WHAT TO PRODUCE:
A faithful copy of the listing below is needed, one that contains no pictures.
(Beginning of SUPPLIED MATERIAL)
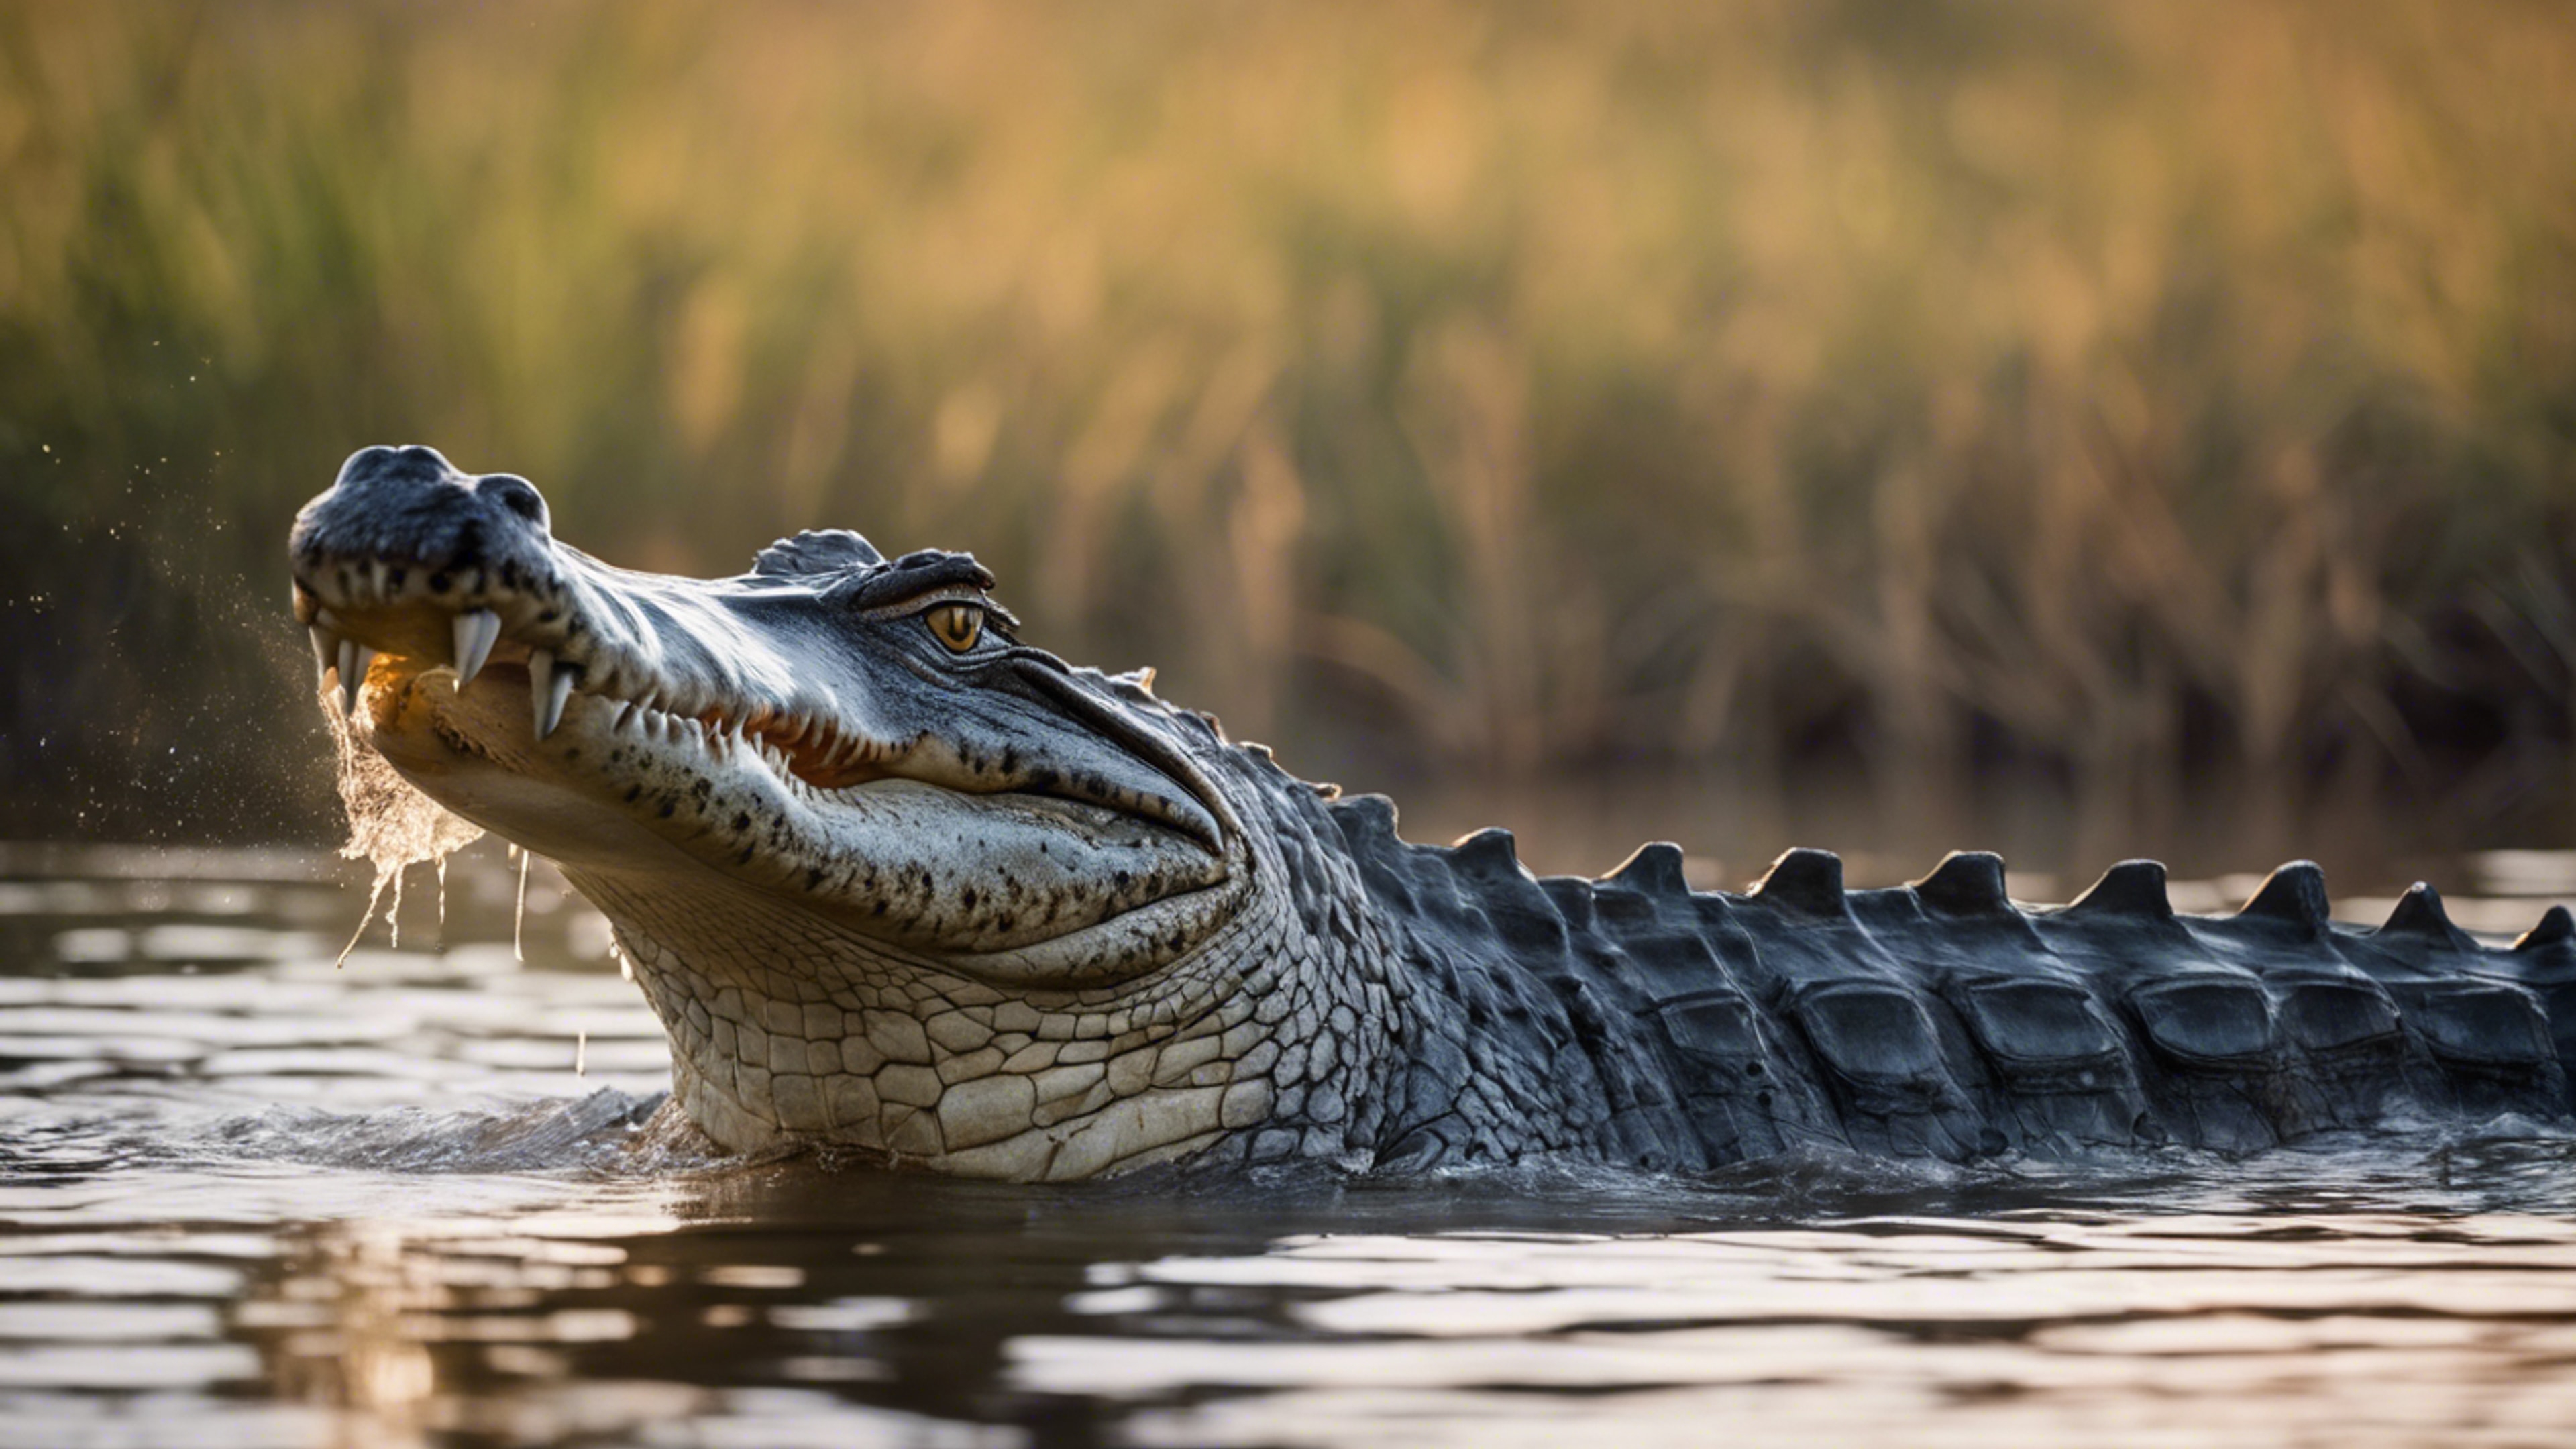 A glorious scene of a crocodile in the heart of the Okavango Delta. Tapeta[926204686e5b483ca4a6]
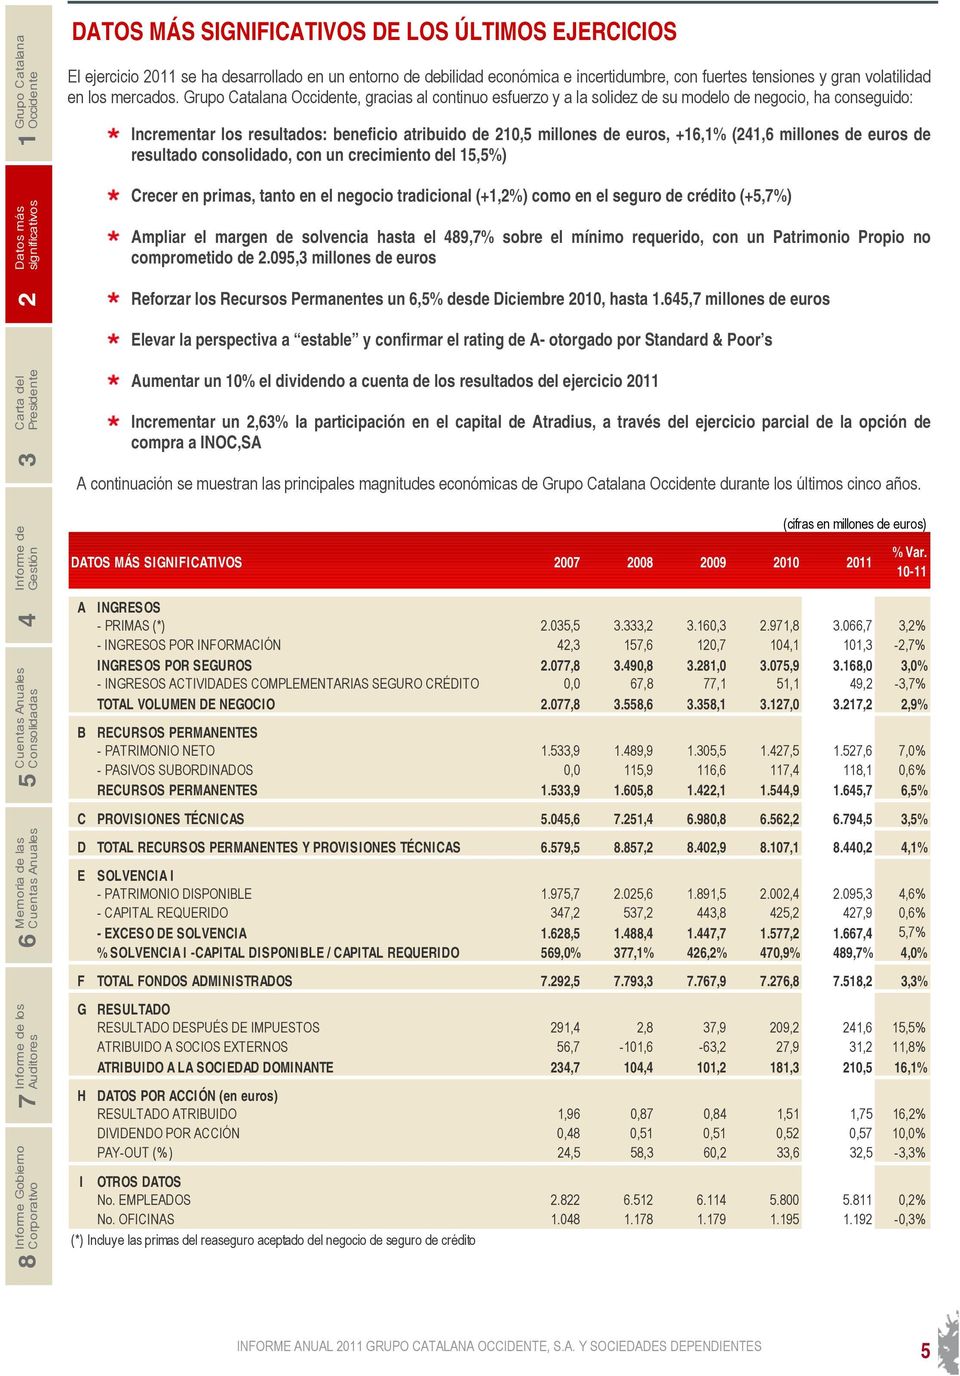 Grupo Catalana, gracias al continuo esfuerzo y a la solidez de su modelo de negocio, ha conseguido: Incrementar los resultados: beneficio atribuido de 210,5 millones de euros, +16,1% (241,6 millones
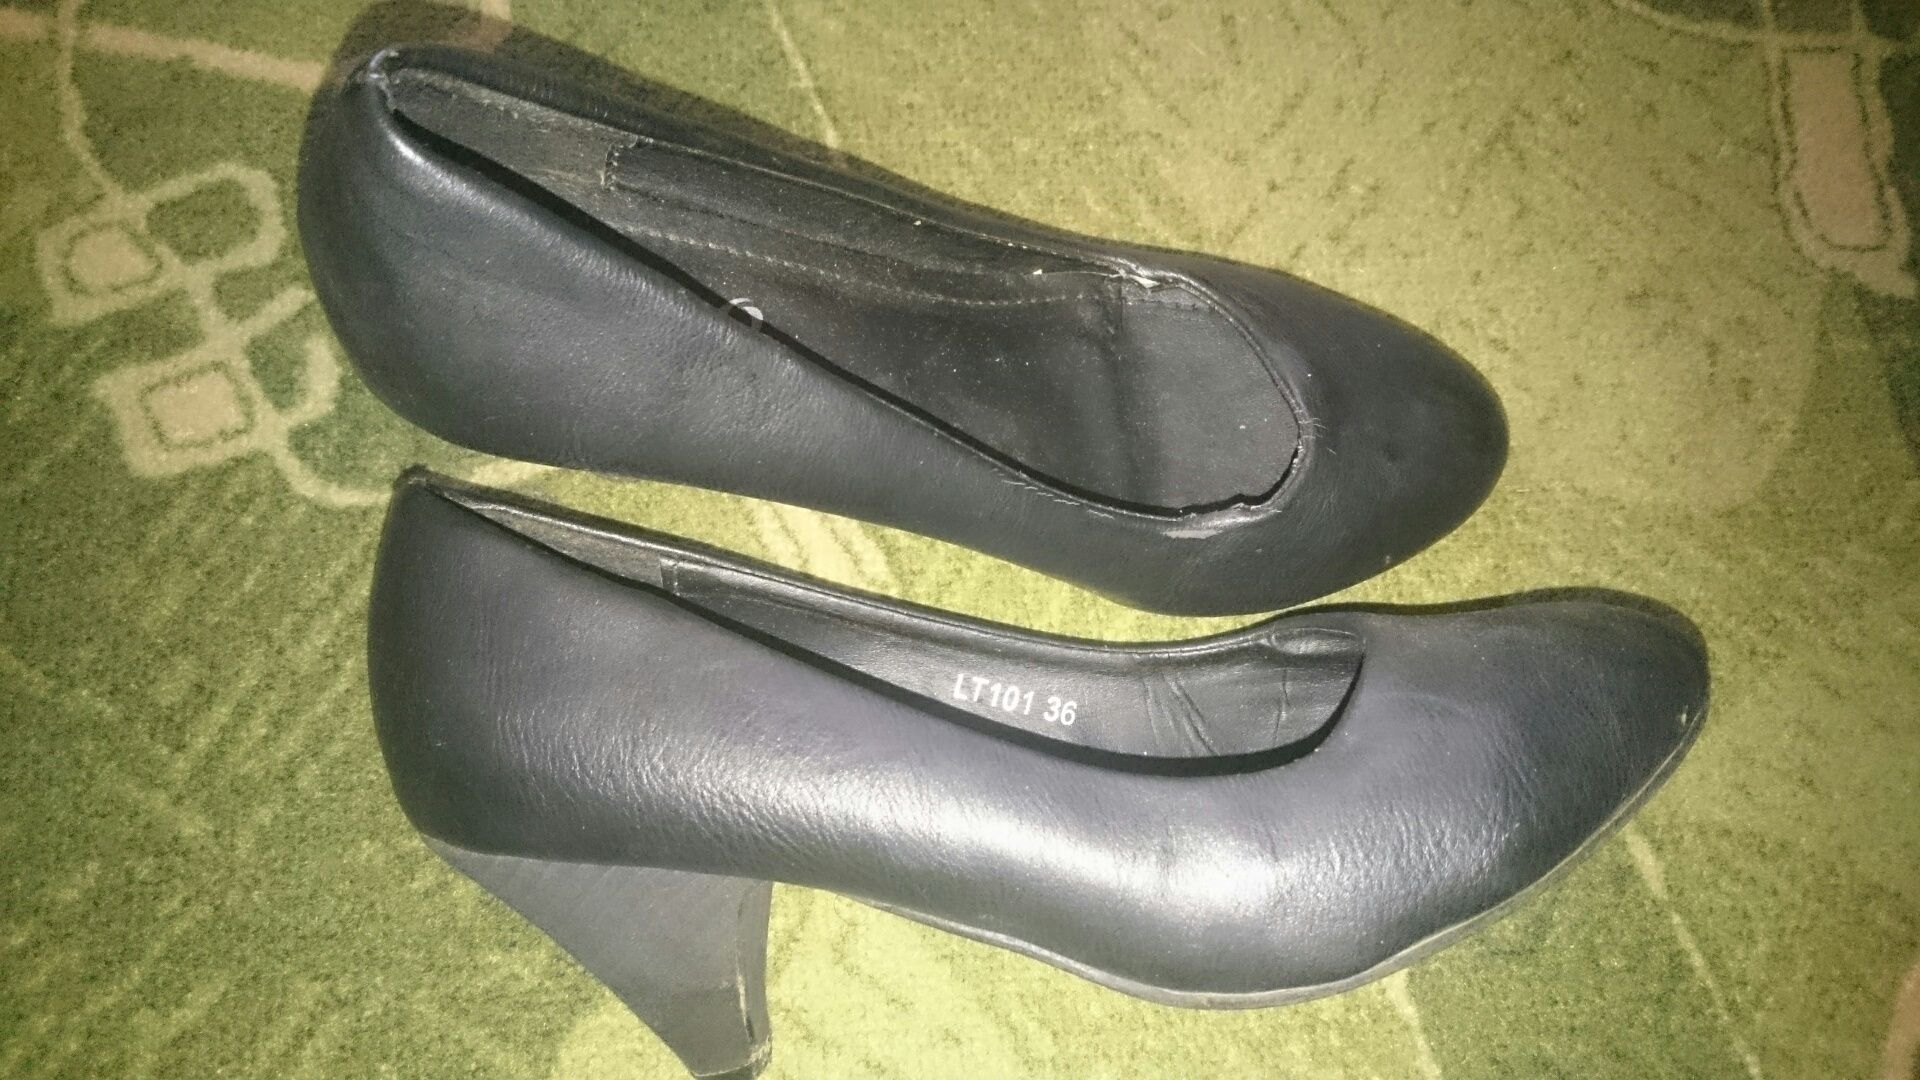 Buty czarne pantofle na niskim obcasie rozmiar 36 dł wkładki 22,5 cm
(End of SUPPLIED MATERIAL)
ANSWER BOX:
 A glorious scene of a crocodile in the heart of the Okavango Delta. Tapeta[926204686e5b483ca4a6]
 Grupo Catalana, gracias al continuo esfuerzo y a la solidez de su modelo de negocio, ha conseguido: Incrementar los resultados: beneficio atribuido de 210,5 millones de euros, +16,1% (241,6 millones
 Buty czarne pantofle na niskim obcasie rozmiar 36 dł wkładki 22,5 cm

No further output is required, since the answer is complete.